There is no scheme for pension plans under Vietnamese labour law. Vietnamese law provides that both employers and employees must contribute to the compulsory social insurance fund that pays pensions to employees when they retire. In the case of a share acquisition, as the employment relationship between the employees and the target company will remain unaffected, the target company, together with the employees, will continue to contribute to the compulsory social insurance fund. In the case of a merger, the new employer will contribute to the compulsory social insurance fund.

Other relevant considerations


What legislation governs competition issues relating to M&A?

The legislation governing competition issues relating to M&A includes the Law on Competition  (27/2004/QH11), passed by the National Assembly on 3 December 2004, and its implementing regulations. As a general comment, a business combination involving a Vietnamese company may be subject to a reporting requirement. Specifically, if the parties to a business combination have a combined market share of between 30% and 50% of the relevant market, they must notify the Competition Authority of the contemplated combination in advance. The combination will be prohibited if the combined market share is above 50% in the relevant market.

This law will be replaced by a new Law on Competition as of 1 July 2019. Under the new law, acts of economic concentration by enterprises (defined as mergers, consolidations, acquisitions, joint ventures and other acts of economic concentration prescribed by law) are prohibited if they are evaluated to “have or potentially have the effect of significantly restricting competition in the Vietnam market”. The National Competition Commission will evaluate factors such as:

  • the combined market share of the participating companies;
  • the level of concentration in the relevant market before and after the economic concentration; and
  • competitive advantages gained from the economic concentration.

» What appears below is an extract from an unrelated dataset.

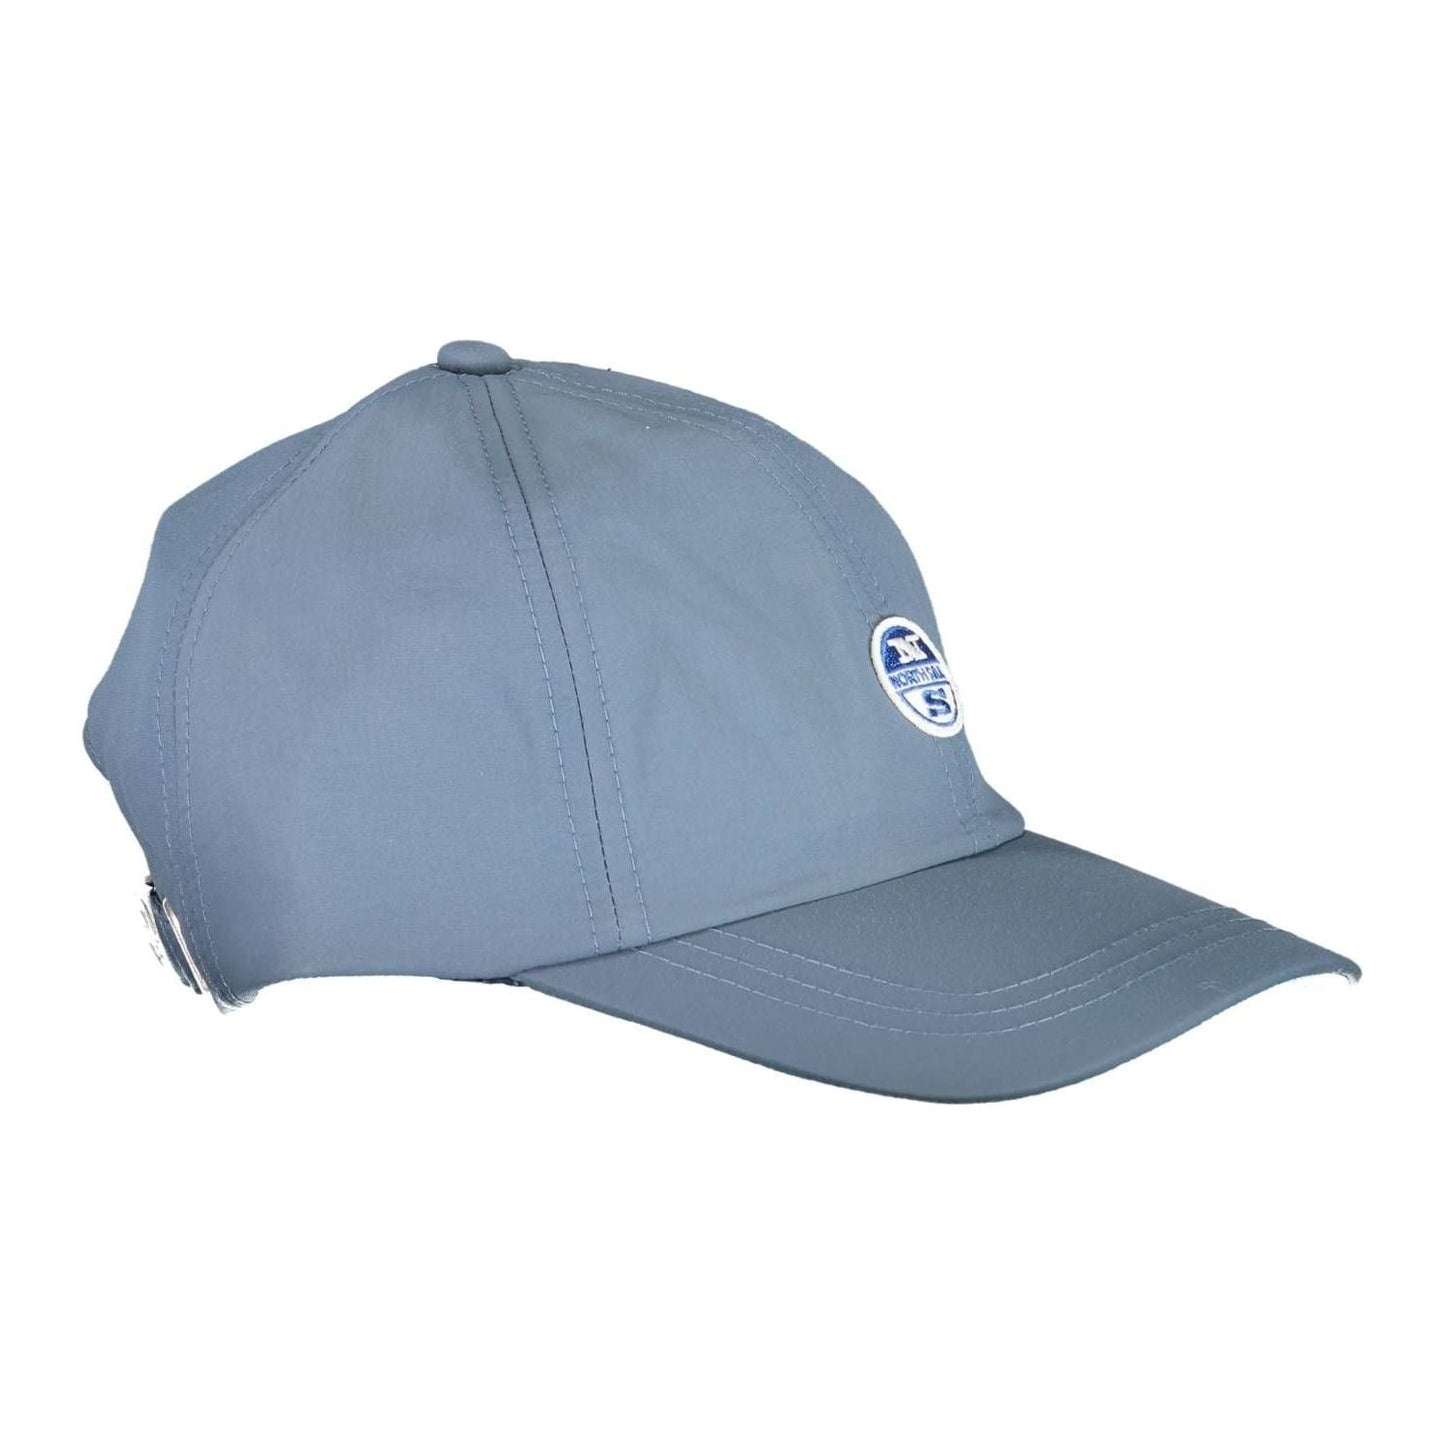 North Sails Chic Blue Visor Cap with Logo Accent chic-blue-visor-cap-with-logo-accent

The National Competition Commission must also evaluate the positive impact of economic concentration, although there is no further guidance as yet on whether this could lead to exemptions.


Are any anti-bribery provisions in force?

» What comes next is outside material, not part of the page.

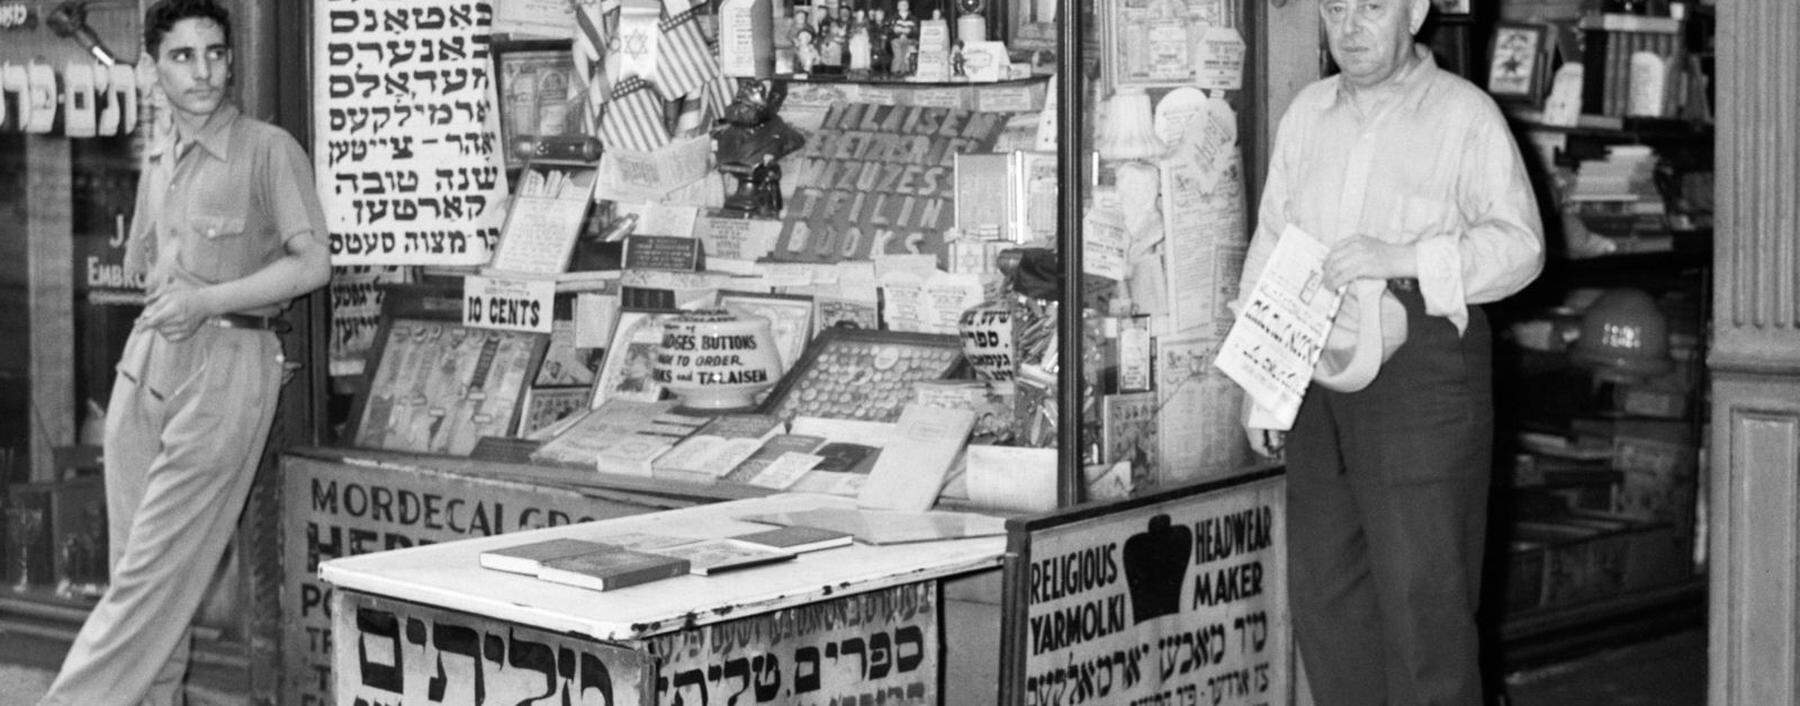 Papierwarengeschäft, Lower East Side, 1940er-Jahre.

Vietnam’s Penal Code criminalises the giving and promising of bribes to any person or organisation, whether public or private. The bribery may be committed directly or through an intermediary. The penalty for giving or promising to give a bribe mostly depends on the value of the benefit given or promised. The minimum value of tangible benefits to trigger a violation of the law is D2 million (approximately $88). Penalties range from D20 million (approximately $880) and six months’ to 20 years’ imprisonment. There is no death penalty or life sentence for giving bribes.

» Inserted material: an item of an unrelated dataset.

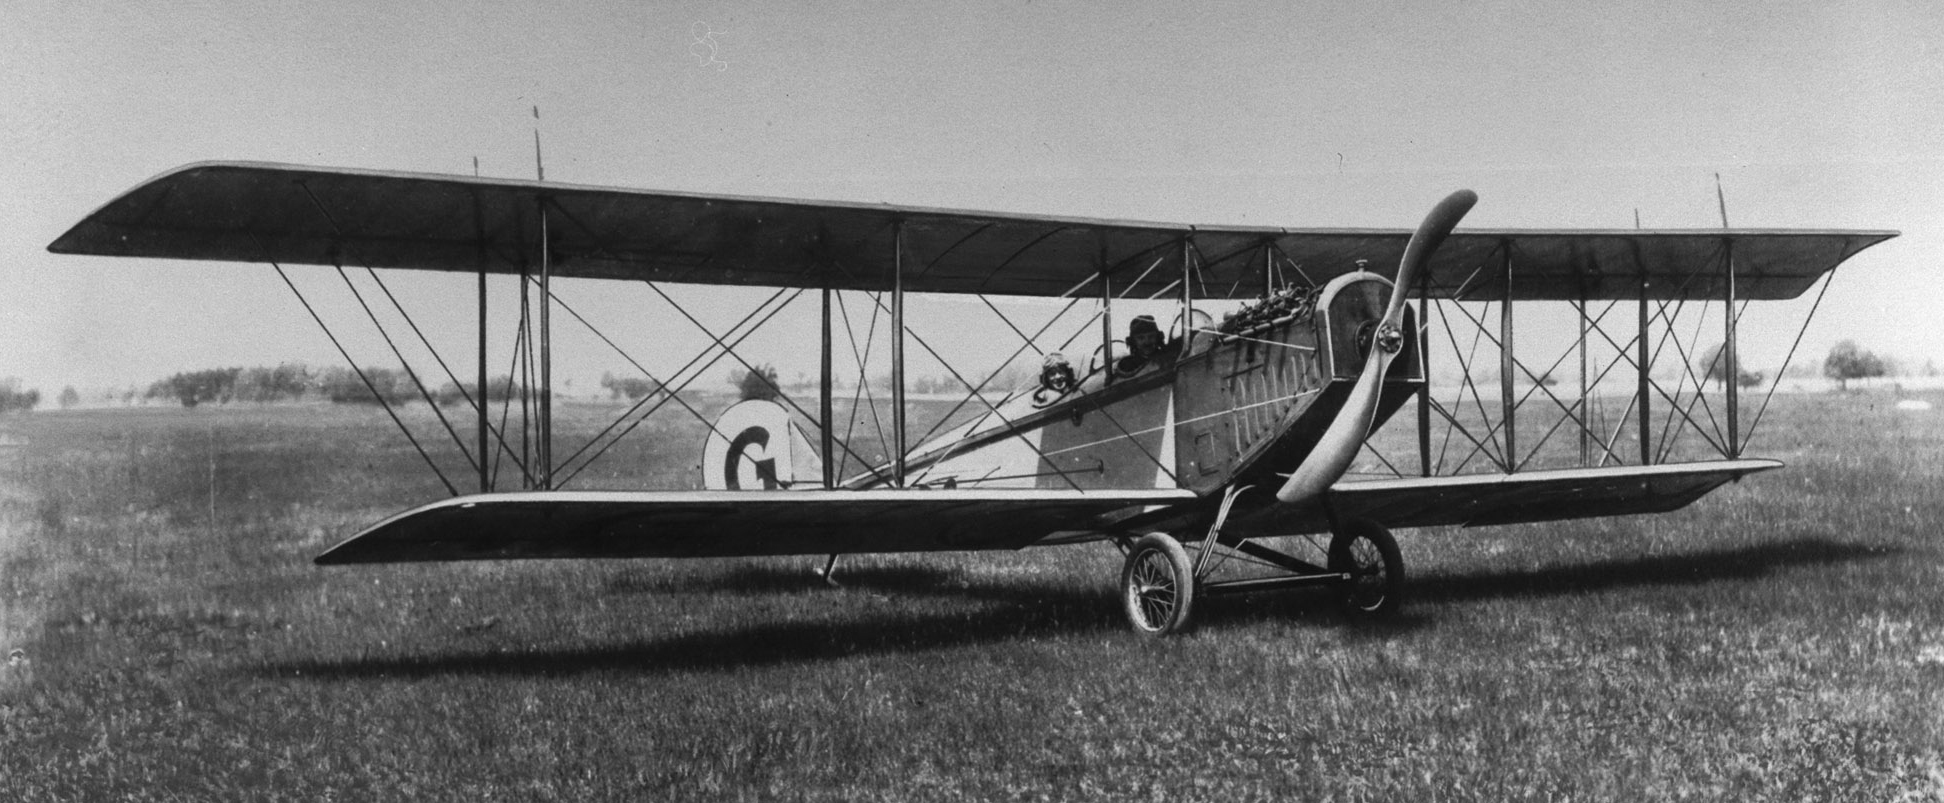 Un Curtiss JN 4 Canuck. PHOTO : Archives du MDN, PL-113903

What happens if the company being bought is in receivership or bankrupt?

Where there is a decision to commence bankruptcy procedures, a company must report its shares or transfer its property to the asset management officer or asset management and liquidation enterprise prior to sale. The company may sell its shares or transfer its property subject to the decision of the asset management officer or asset management and liquidation enterprise.